* **Given information**
= = = =

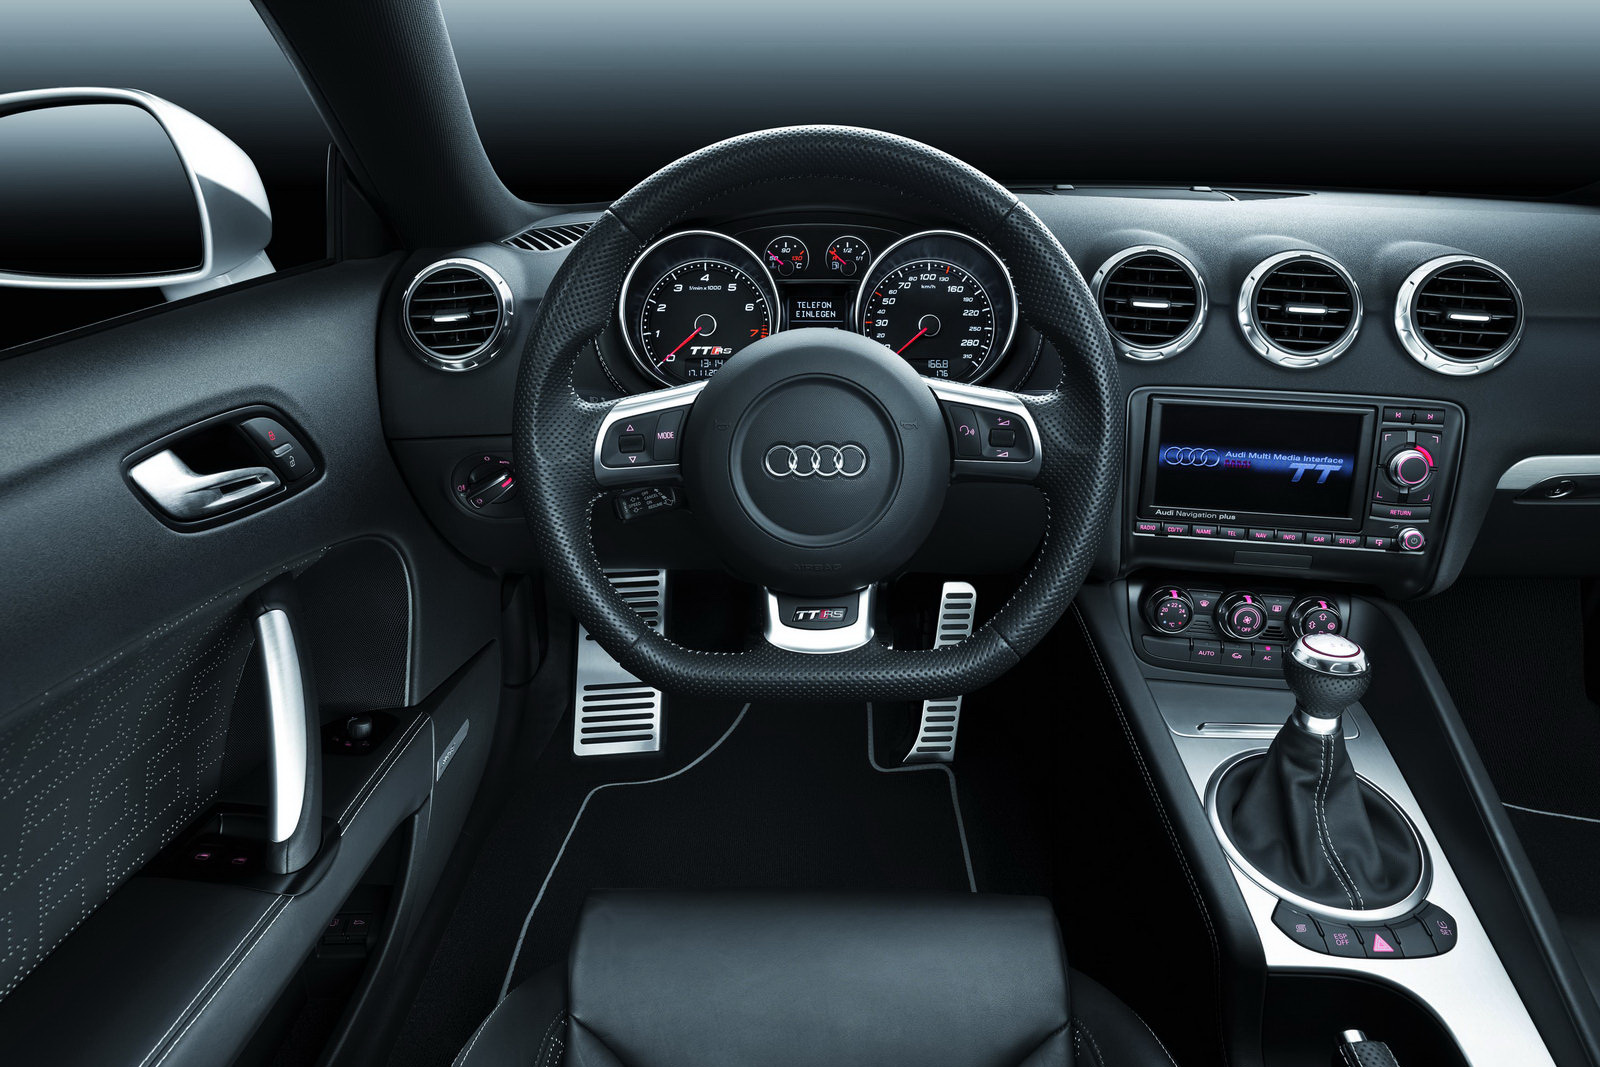 http://1.bp.blogspot.com/-AbucFC4WMOU/T-DCbceNIfI/AAAAAAAAAFU/O4rMyr3HK0c/s1600/2012+Audi+TT+RS+Interior+Dashboard+View.jpg
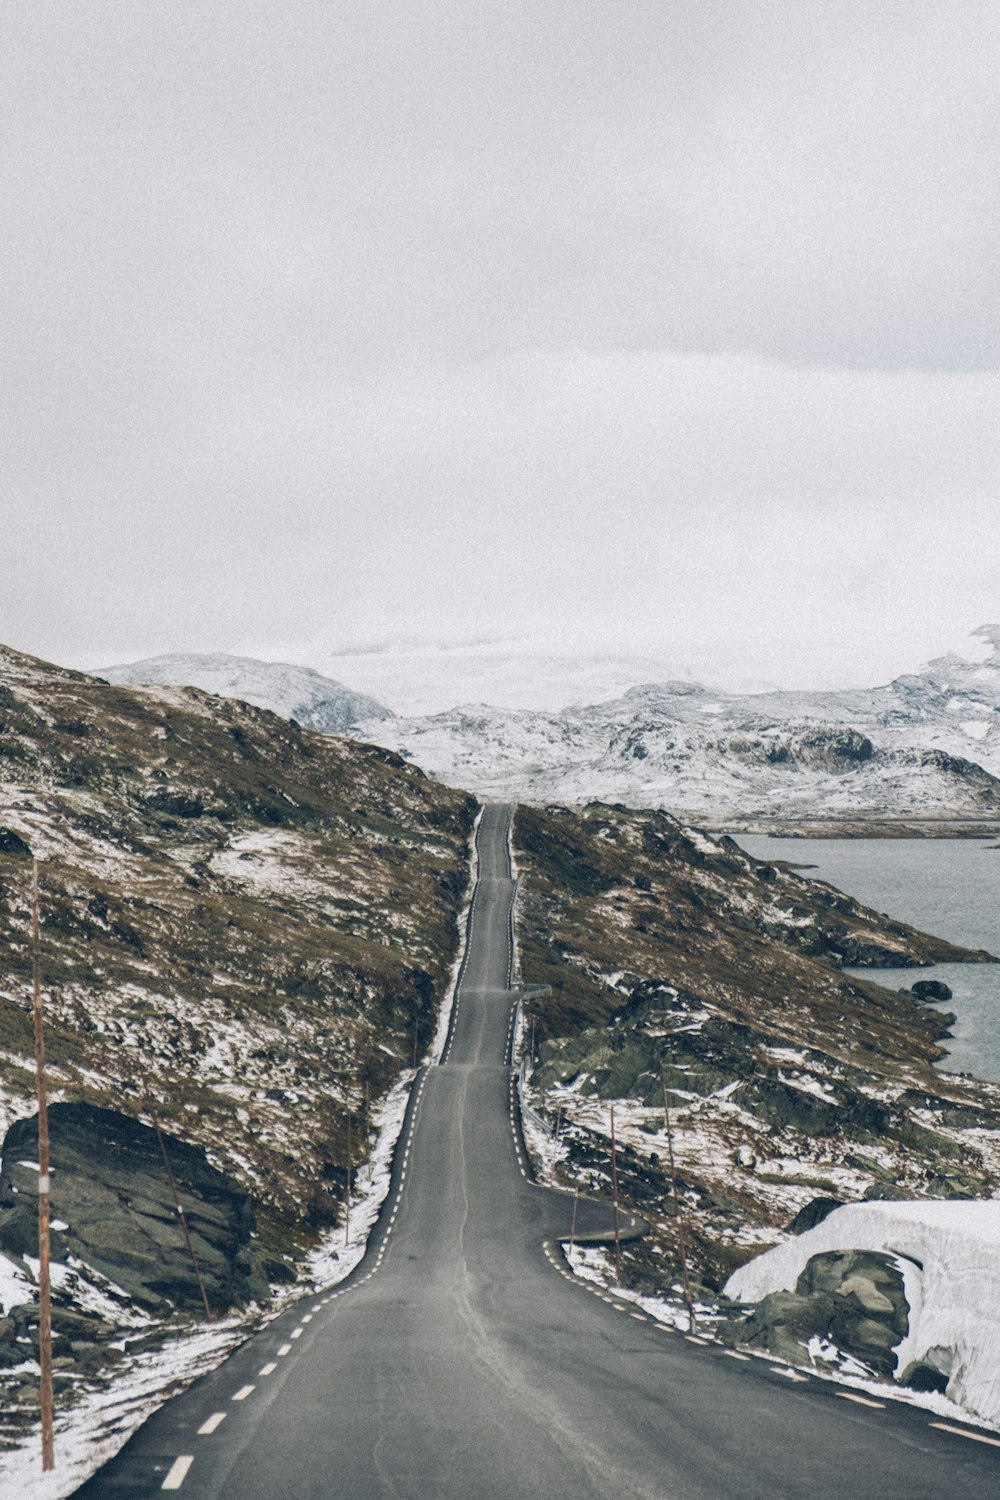 Carretera gris entre montañas marrones y verdes bajo el cielo blanco durante el día
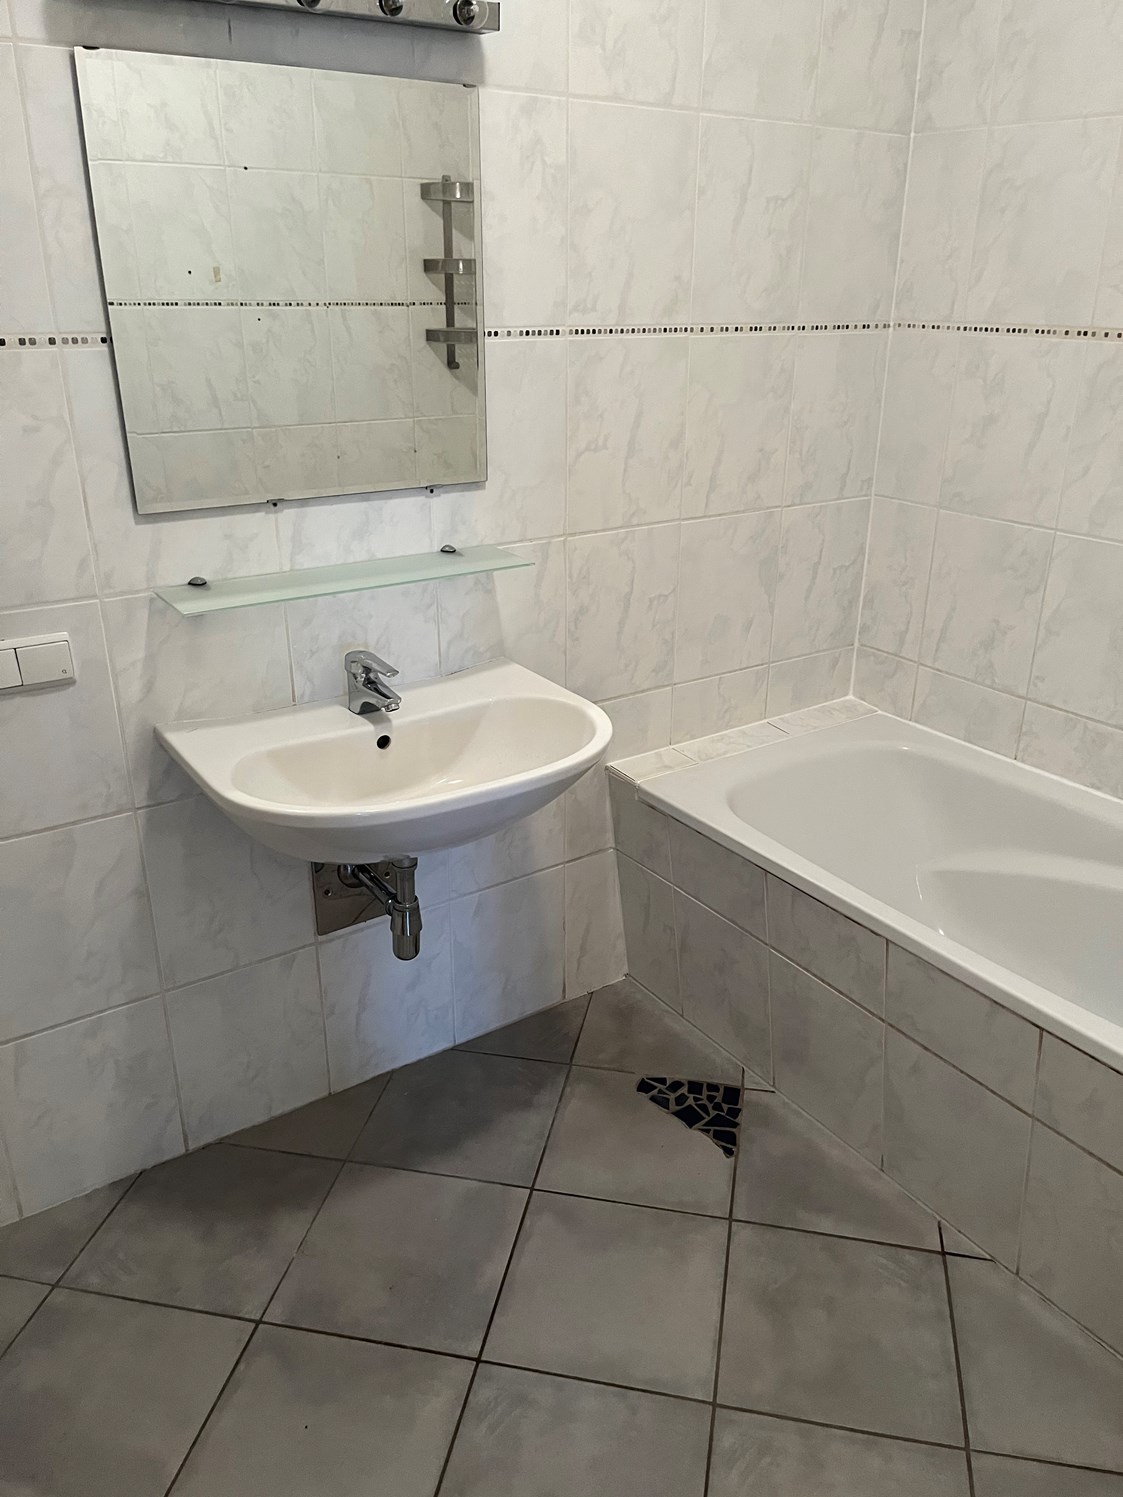 Monteurzimmer: Badezimmer mit Waschbecken und Badewanne in der Monteurunterkunft in Dobl-Zwaring. - Azra Sinanovic

= = = =

* **What to produce**
Leaving every picture aside, repeat the listing exactly.

* **Answer**
 http://1.bp.blogspot.com/-AbucFC4WMOU/T-DCbceNIfI/AAAAAAAAAFU/O4rMyr3HK0c/s1600/2012+Audi+TT+RS+Interior+Dashboard+View.jpg
 Carretera gris entre montañas marrones y verdes bajo el cielo blanco durante el día
 Monteurzimmer: Badezimmer mit Waschbecken und Badewanne in der Monteurunterkunft in Dobl-Zwaring. - Azra Sinanovic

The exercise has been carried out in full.